Error restoring backup and file corruption

Description

Hello,

We are using a Weaviate instance 1.26.3 in an Azure Container App and connected to an NFS Azure file share for persistence. It contains almost 1M elements.

We got errors trying to restore different backups (around 7GB) on the instance like this one :

{"msg":"failed to load shard: Unable to load shard TKgQUlWgvhID: init prop \"doc_author\": null index: init disk segments: init segment segment-1730278936414135887.db: mmap file: invalid argument","shard_name":"TKgQUlWgvhID"}

As I understood, it seems there are some corrupted files in our data.

I researched errors in Azure logs and I found some errors occured during the day like this one which seems to be linked to the backup restore error :

{"action":"lsm_memtable_flush","error":"flush: unlinkat /var/lib/weaviate/<indexName>/TKgQUlWgvhID/lsm/property_doc_author_nullState/segment-1730278936414135887.scratch.d: directory not empty","index":"<indexName>","level":"error","msg":"flush and switch failed","path":"/var/lib/weaviate/<indexName>/TKgQUlWgvhID/lsm/property_doc_author_nullState","shard":"TKgQUlWgvhID"}

We got also other “lsm_memtable_flush” errors on other properties and also “lsm_compaction” errors like this one :

{"action":"lsm_compaction","error":"write index: unlinkat /var/lib/weaviate/<indexName>/TKgQUlWgvhID/lsm/property_scope_value_searchable/segment-1730280309487972970.dbcompaction.scratch.d: directory not empty","index":"<indexName>","level":"error","msg":"compaction failed","path":"/var/lib/weaviate/<indexName>/TKgQUlWgvhID/lsm/property_scope_value_searchable","shard":"TKgQUlWgvhID"}

It seems to me that Weaviate tried to perform maintenance operation like delete some files, failed and corrupted these files.

Did someone already encountered these errors and know how to resolve them ?

Server Setup Information

  • Weaviate Server Version: 1.26.3
  • Deployment Method: docker
  • Multi Node?
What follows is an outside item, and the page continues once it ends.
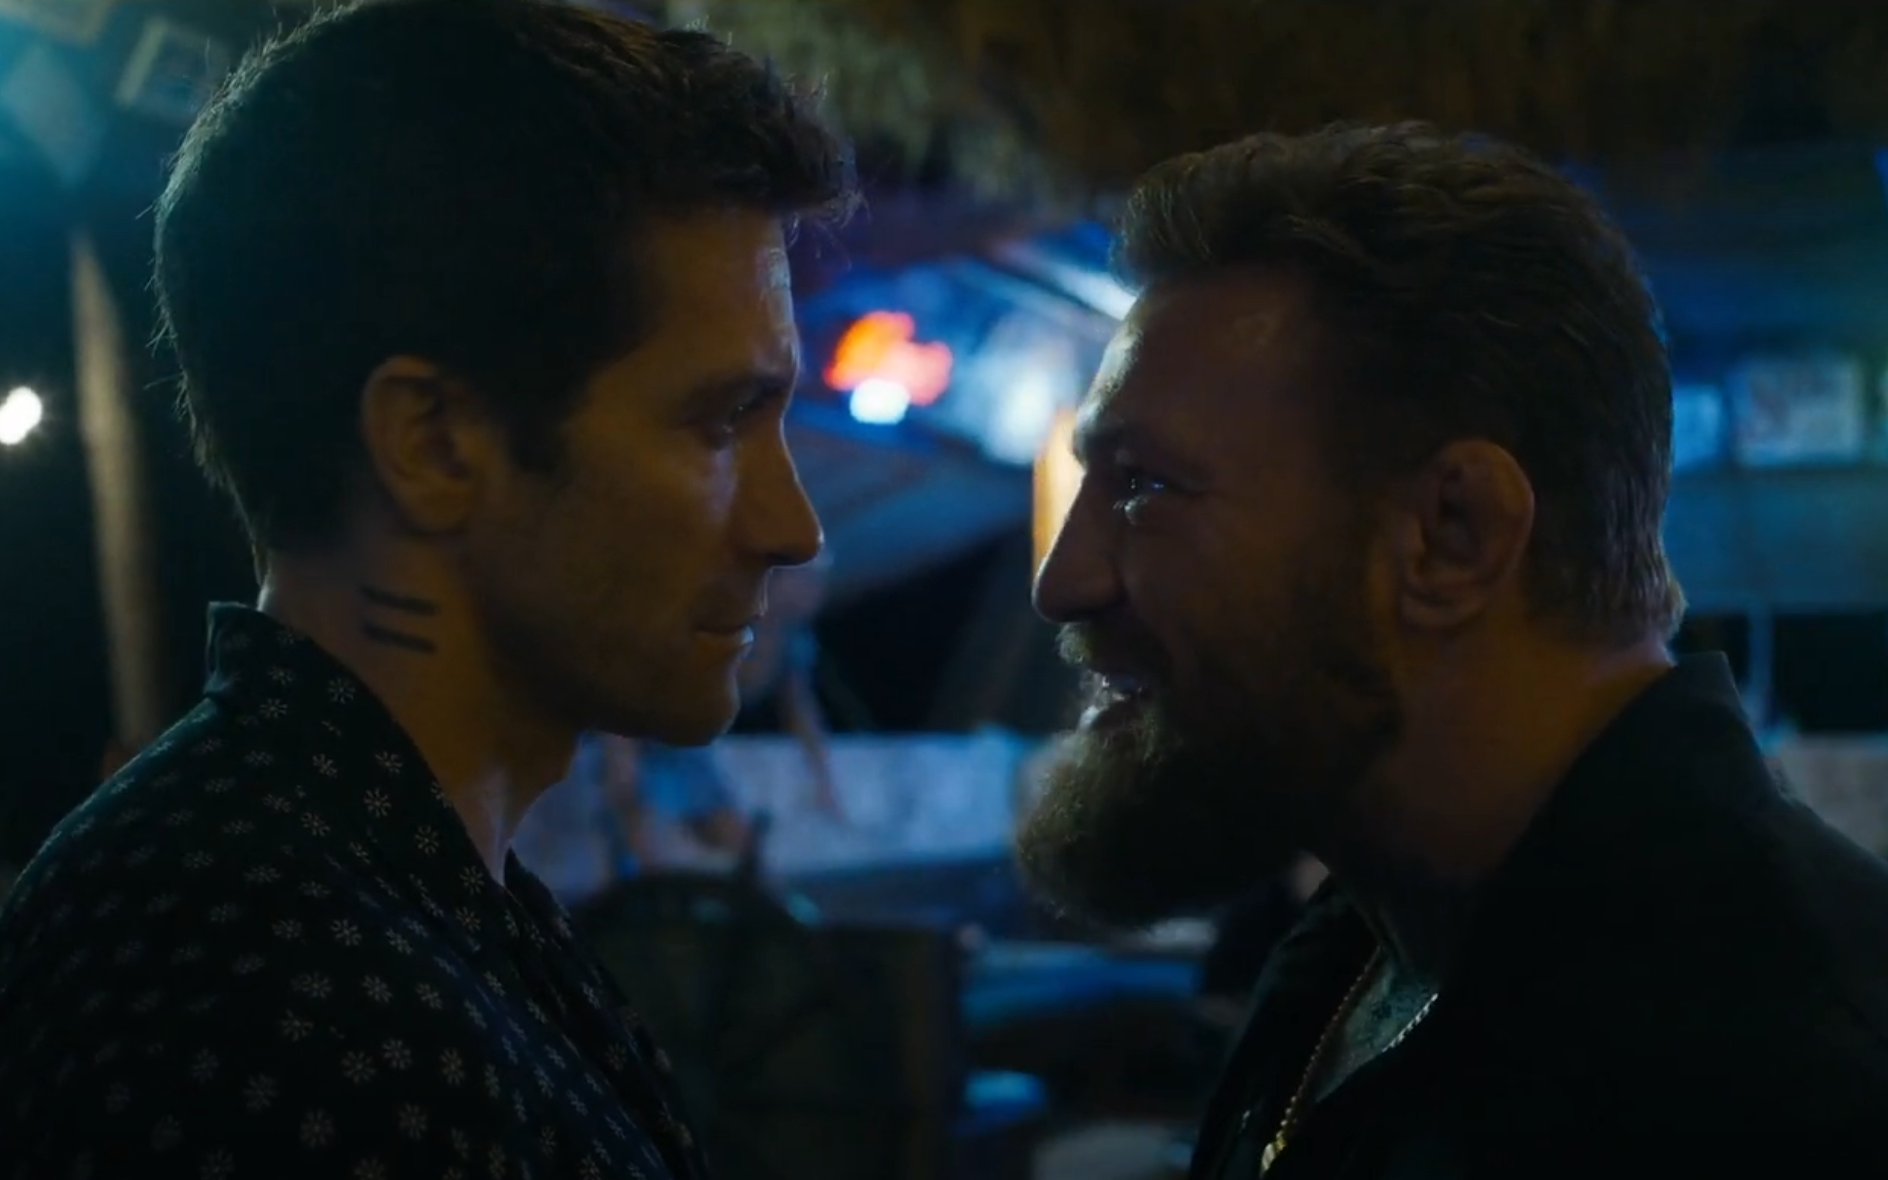 Road House - Jake Gyllenhaal vs. Conor McGregor

No Number of Running Nodes: 1
  • Client Language and Version:
  • Multitenancy?: No

hi @Guillaume !!

Are you trying to restore to the same version?

Hi @DudaNogueira,

Backups comes from a weaviate 1.26.3.

We have two environments, one with weaviate 1.26.3, one with weaviate 1.26.6.
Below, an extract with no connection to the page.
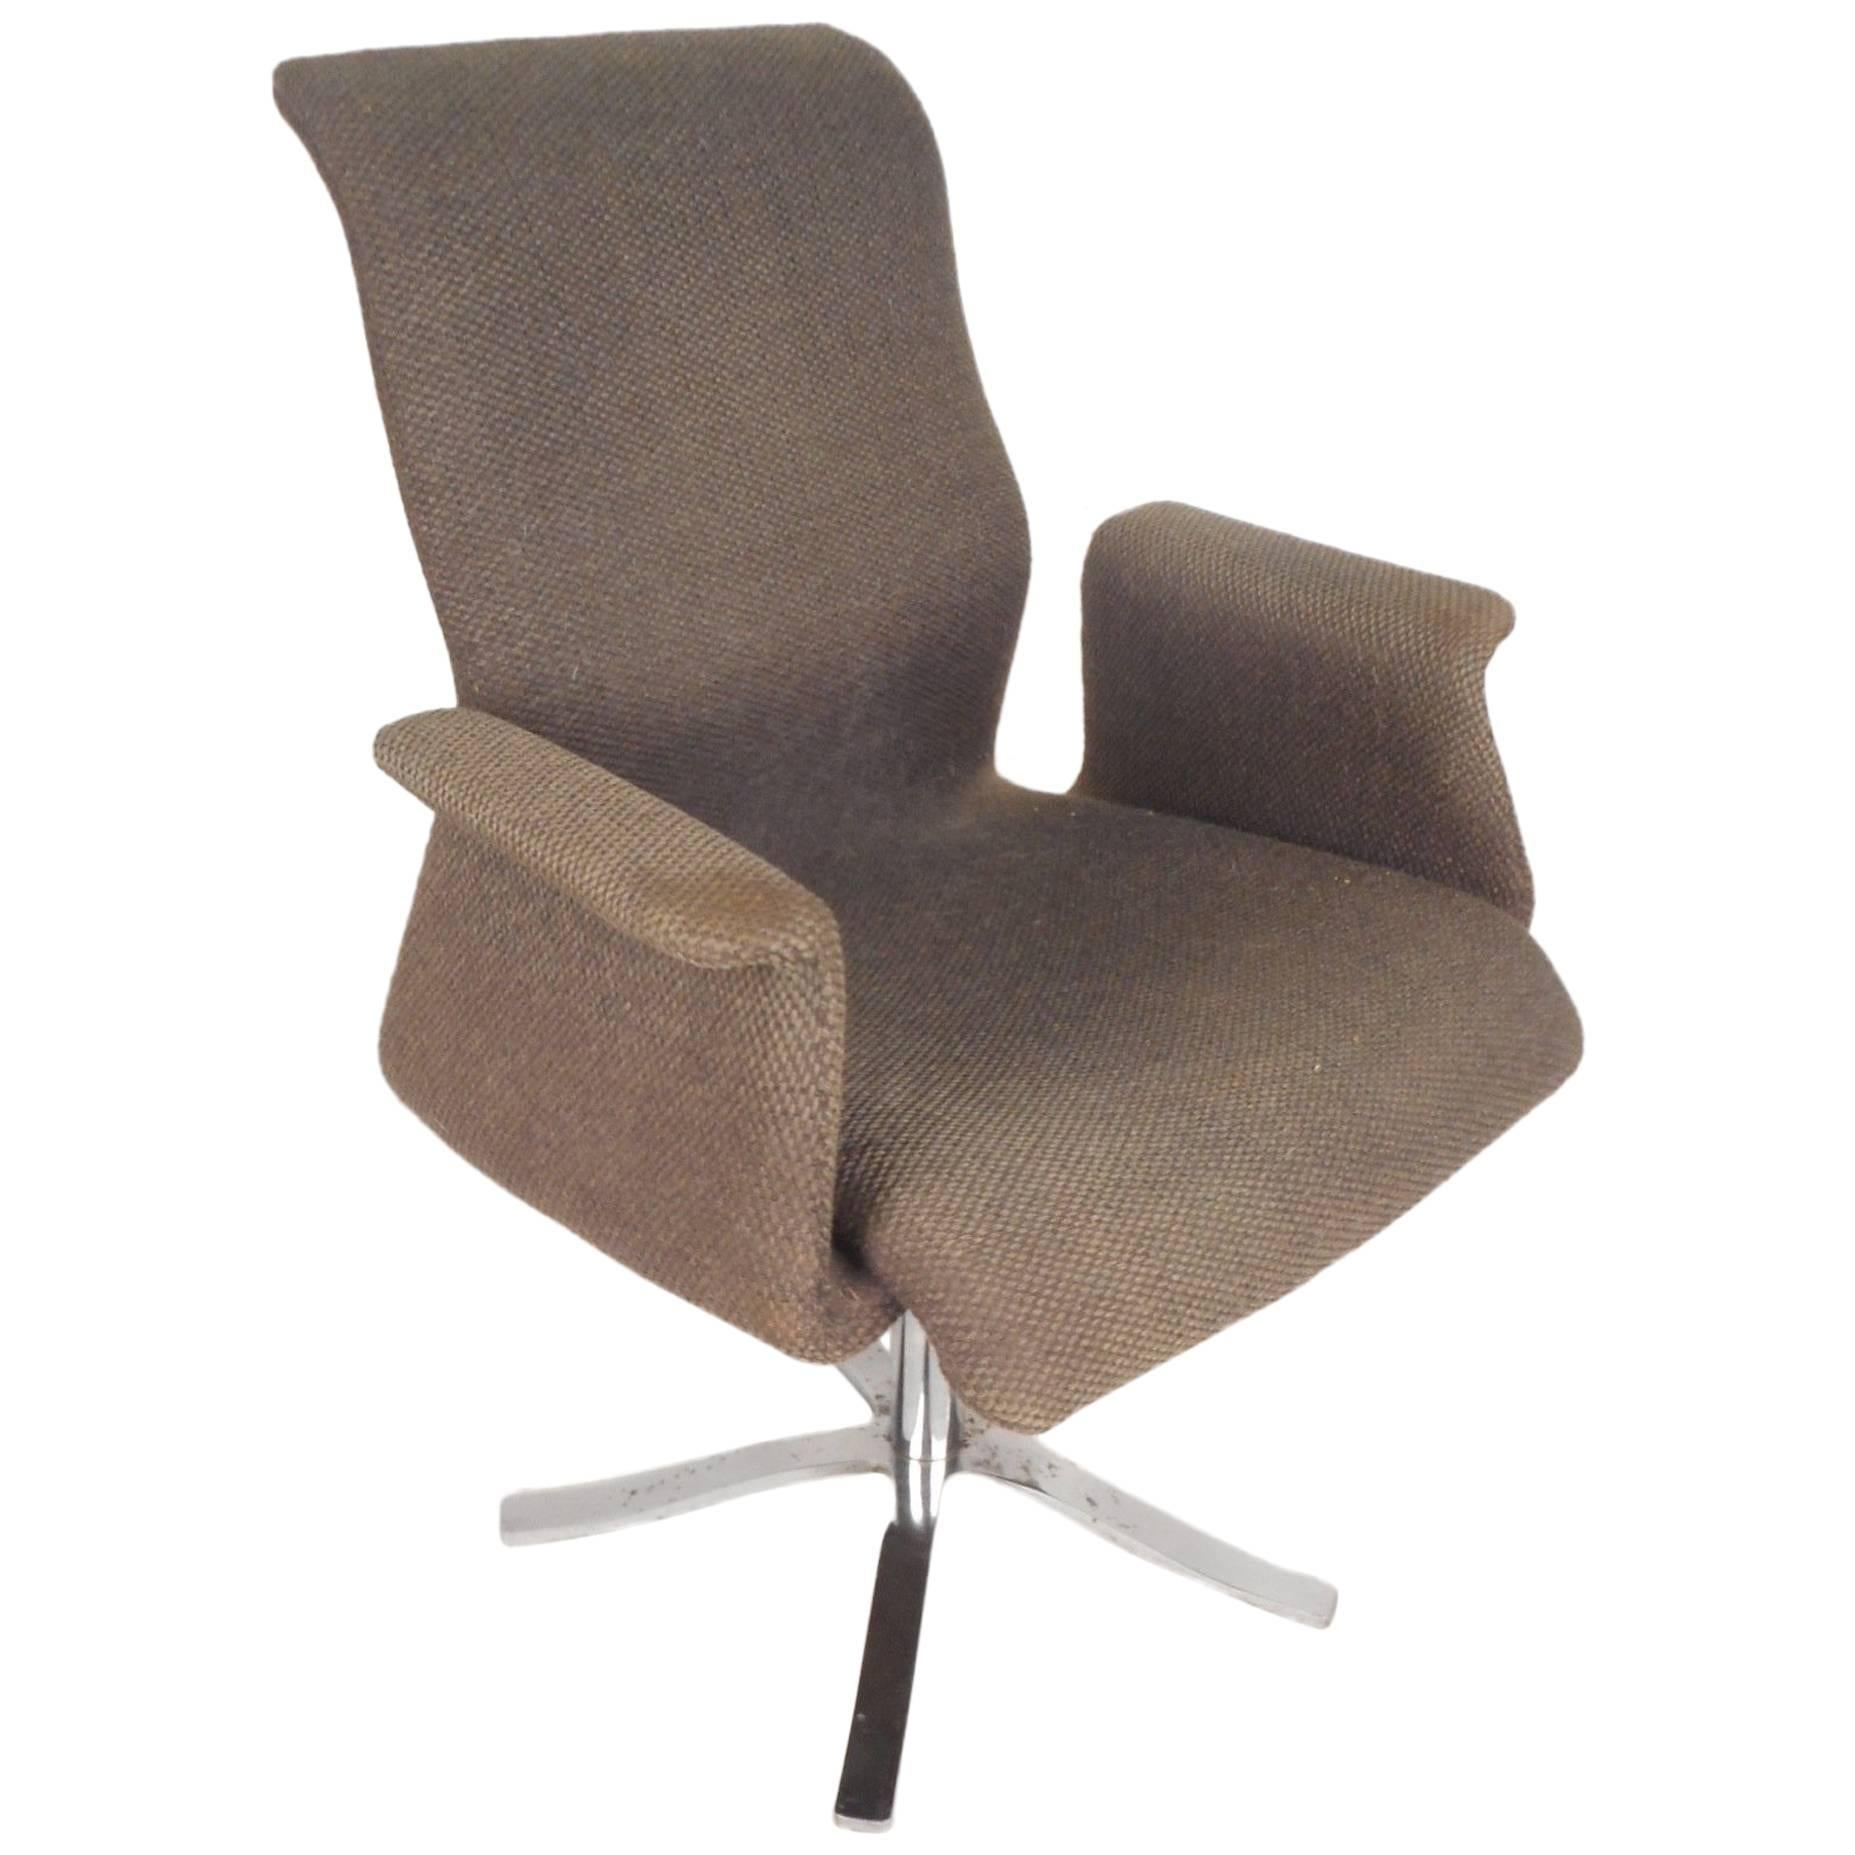 Unique Mid-Century Modern Swivel Lounge Chair

Backup from October 29th restores correctly on both environments.
Backups from October 30th and later fail on restore on both environments.

I made a new try to restore the backup from October 30th on environment using weaviate 1.26.3 to be sure and I got this error :

{"build_git_commit":"9a4ea6d","build_go_version":"go1.21.13","build_image_tag":"1.26.3","build_wv_version":"1.26.3","error":"init shard \"<indexName>_TKgQUlWgvhID\": init shard \"<indexName>_TKgQUlWgvhID\": init prop \"other_infos\": null index: init disk segments: init segment segment-1730279432907267231.db: mmap file: invalid argument","level":"error","msg":"Unable to load shard TKgQUlWgvhID: init shard \"<indexName>_TKgQUlWgvhID\": init shard \"<indexName>_TKgQUlWgvhID\": init prop \"other_infos\": null index: init disk segments: init segment segment-1730279432907267231.db: mmap file: invalid argument","time":"2024-11-27T09:42:04Z"}

{"action":"load_shard","build_git_commit":"9a4ea6d","build_go_version":"go1.21.13","build_image_tag":"1.26.3","build_wv_version":"1.26.3","level":"error","msg":"failed to load shard: Unable to load shard TKgQUlWgvhID: init shard \"<indexName>_TKgQUlWgvhID\": init shard \"<indexName>_TKgQUlWgvhID\": init prop \"other_infos\": null index: init disk segments: init segment segment-1730279432907267231.db: mmap file: invalid argument","shard_name":"TKgQUlWgvhID","time":"2024-11-27T09:42:04Z"}

Also found this error the day of the backup, I don’t know if it’s relevant but it is the same segment :

{"action":"lsm_memtable_flush","build_git_commit":"9a4ea6d","build_go_version":"go1.21.13","build_image_tag":"1.26.3","build_wv_version":"1.26.3","class":"<indexName>","error":"flush: unlinkat /var/lib/weaviate/<indexName>/TKgQUlWgvhID/lsm/property_ver_current_version_nullState/segment-1730279432907267231.scratch.d: directory not empty","index":"<indexName>","level":"error","msg":"flush and switch failed","path":"/var/lib/weaviate/<indexName>/TKgQUlWgvhID/lsm/property_ver_current_version_nullState","shard":"TKgQUlWgvhID","time":"2024-10-30T09:11:34Z"}